Reading notes: Attention Is All You Need (Vaswani et al., 2017)¶

The paper that launched a thousand follow-ups. Worth re-reading periodically because the original is much shorter and more focused than the discourse around it suggests.

What the paper actually proposes¶

Replace recurrence and convolution with self-attention as the sole sequence transduction mechanism. The Transformer architecture.

Three key ideas, none of which were entirely new on their own:

Multi-head attention — multiple parallel attention computations, concatenated.
Positional encoding — sinusoidal, no learned position embeddings in the original.
Layer normalisation and residual connections throughout.

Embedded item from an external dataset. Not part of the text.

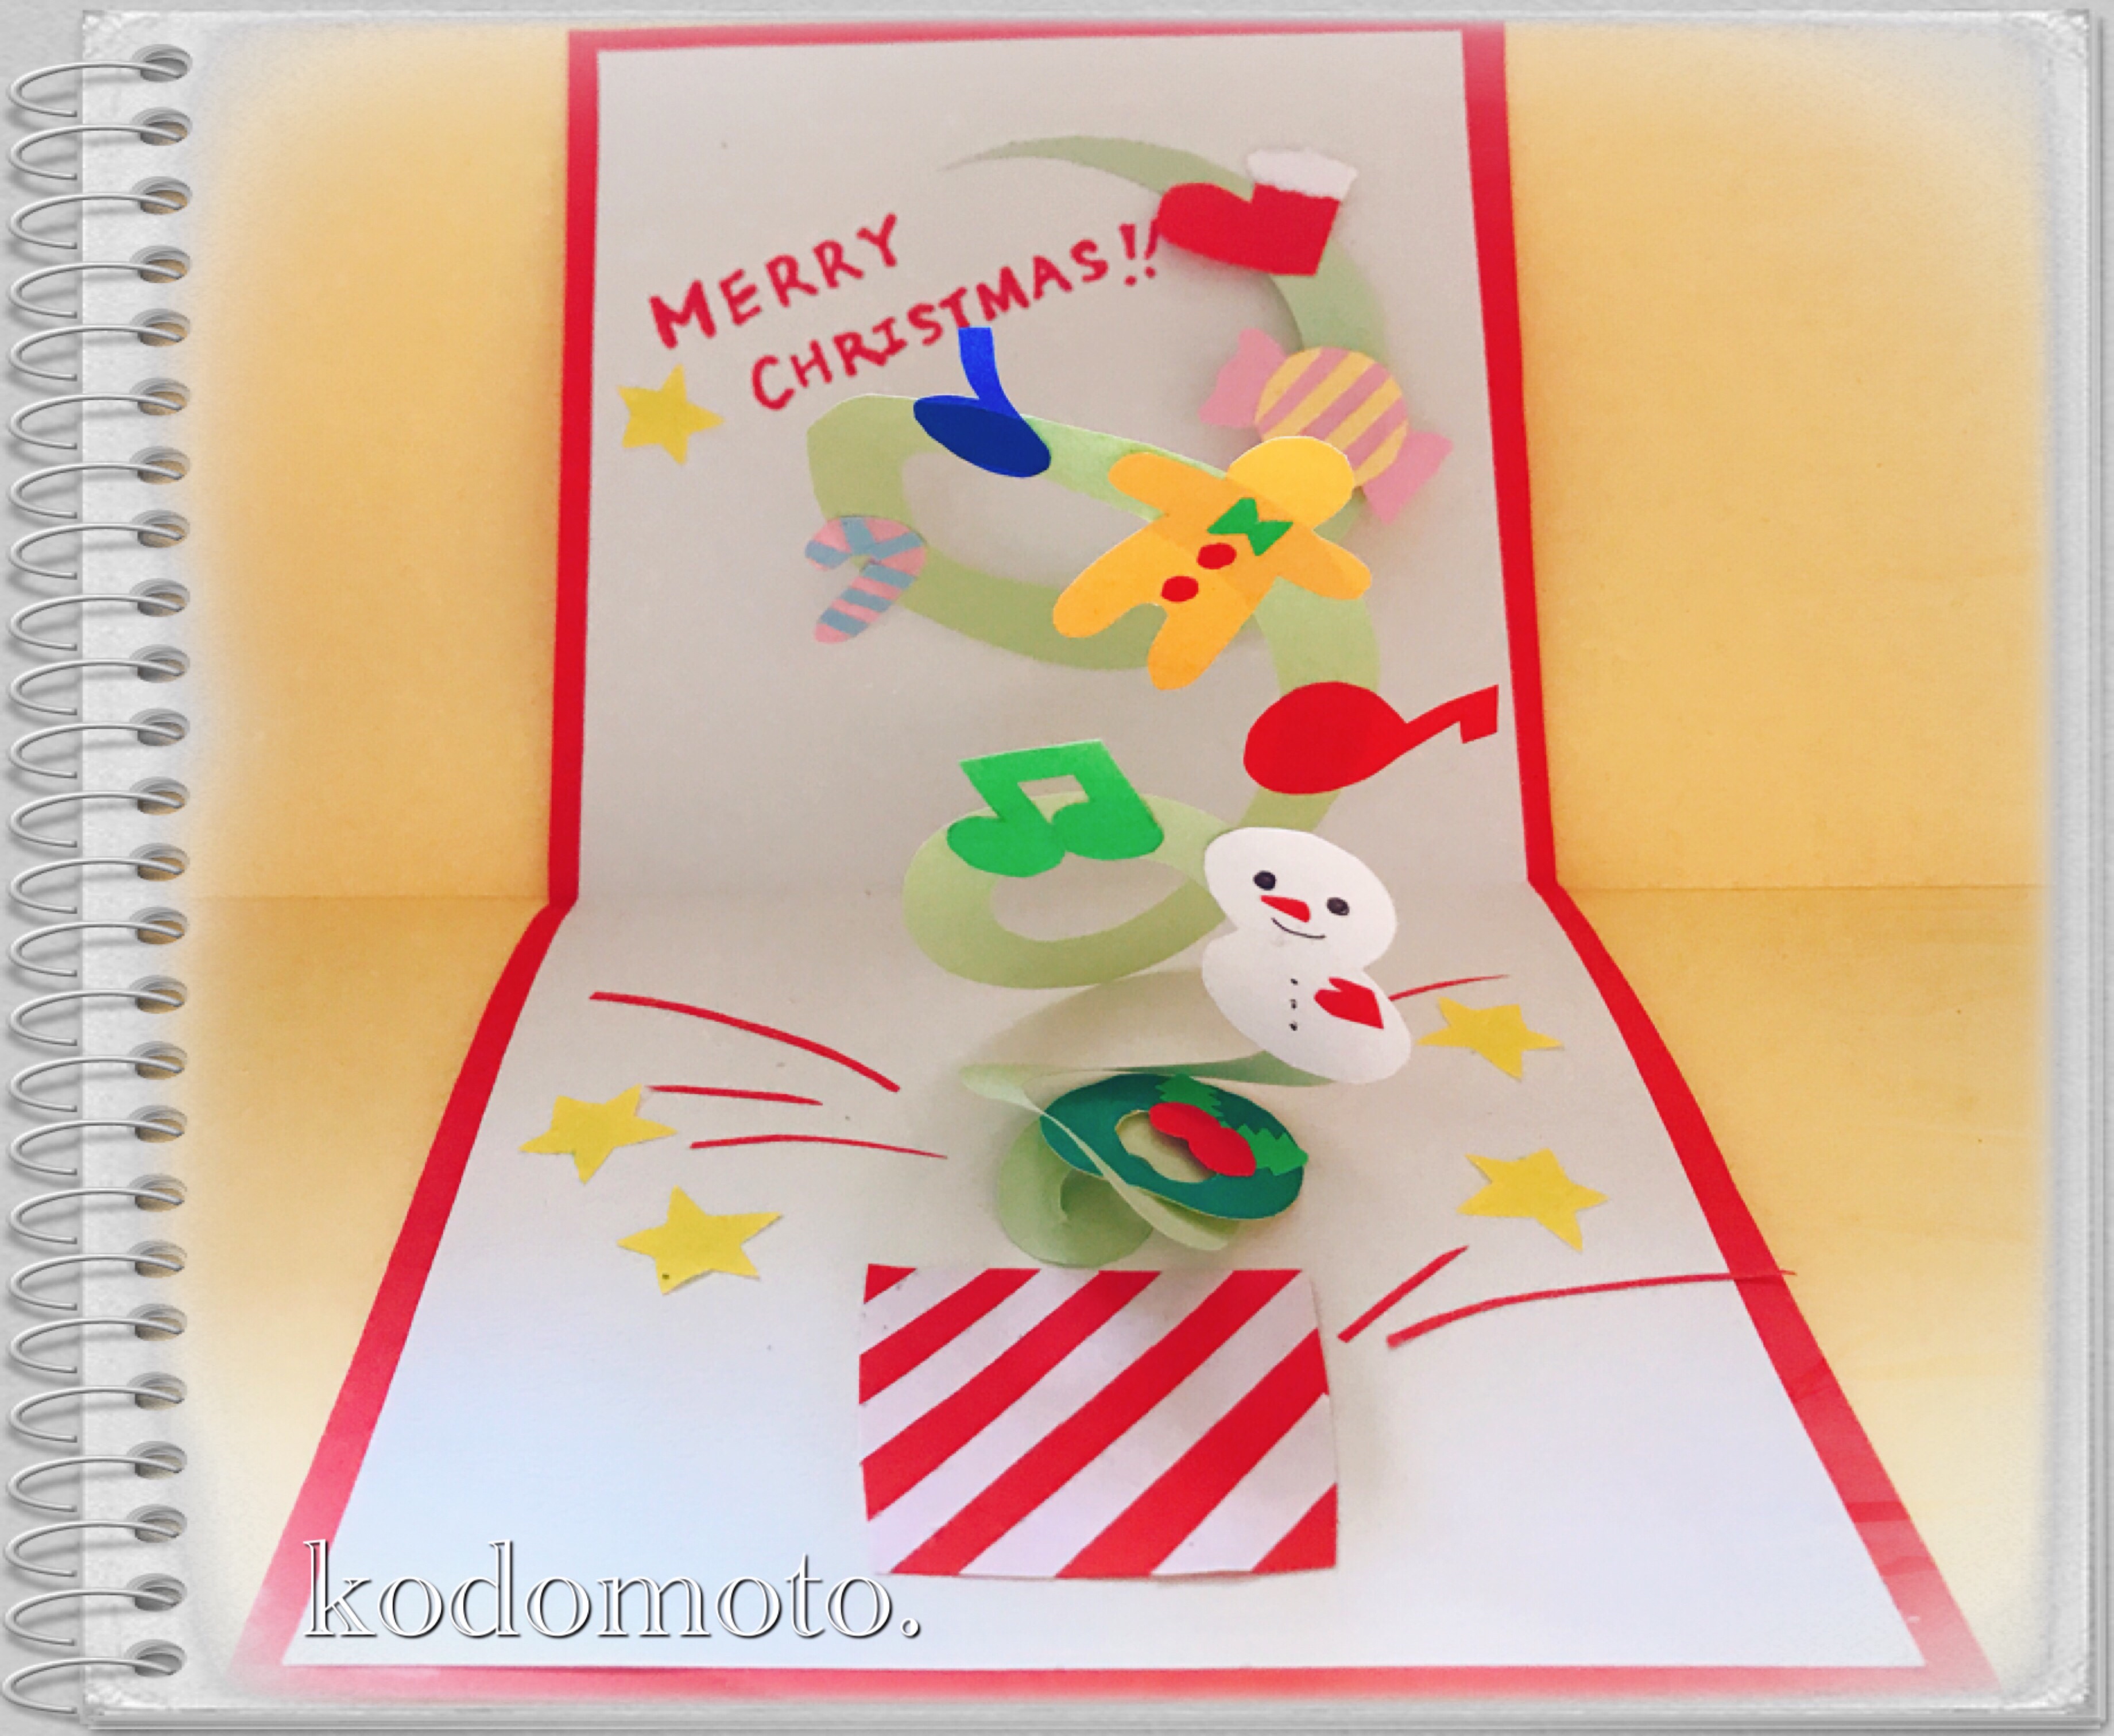 クリスマスカードの作り方 飛び出す仕掛けを簡単に可愛く Kodomoto

What surprised me on re-reading¶

The training time argument is the headline claim and it is doing a lot of work. The architectural elegance gets all the attention (no pun intended) but the parallelism story is the actual contribution. RNNs were not slow because they were RNNs; they were slow because the sequential dependency prevented GPU parallelism.

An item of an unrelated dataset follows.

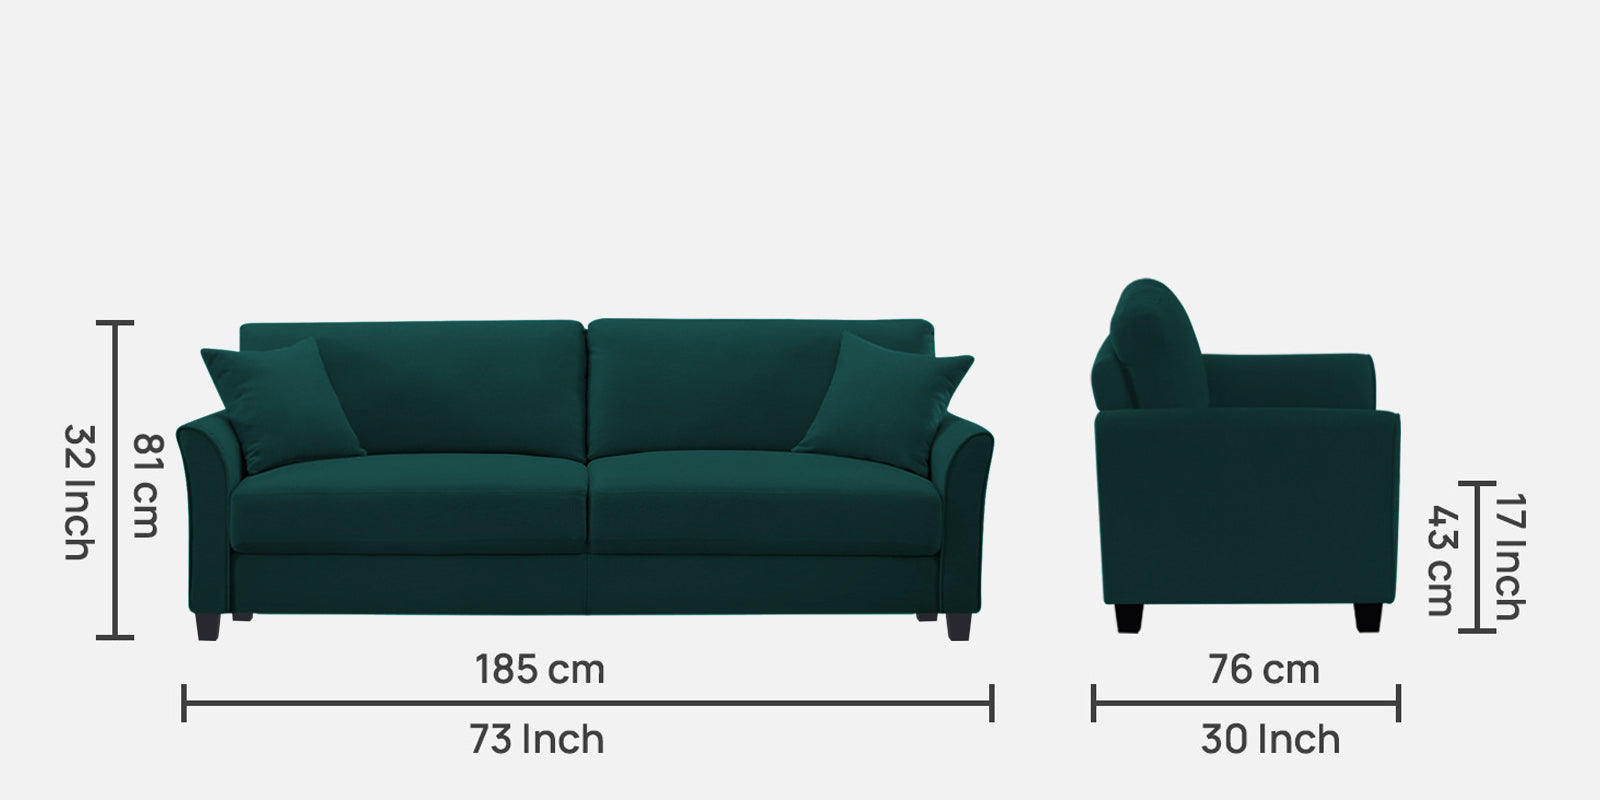 Daroo Velvet 3 Seater Sofa in Forest Green Colour

What was not in the paper¶

BPE tokenisation considerations (came later).
Pre-norm vs post-norm (the paper uses post-norm; pre-norm is now standard).
Layer-wise learning rate scaling.
Anything about scaling laws.

Worth re-reading alongside¶

Bahdanau et al. — Neural Machine Translation by Jointly Learning to Align and Translate (2015). The attention mechanism the Transformer paper builds on.
Devlin et al. — BERT (2018). What happens when you encode-only.
Radford et al. — GPT-2 paper (2019). What happens when you decode-only.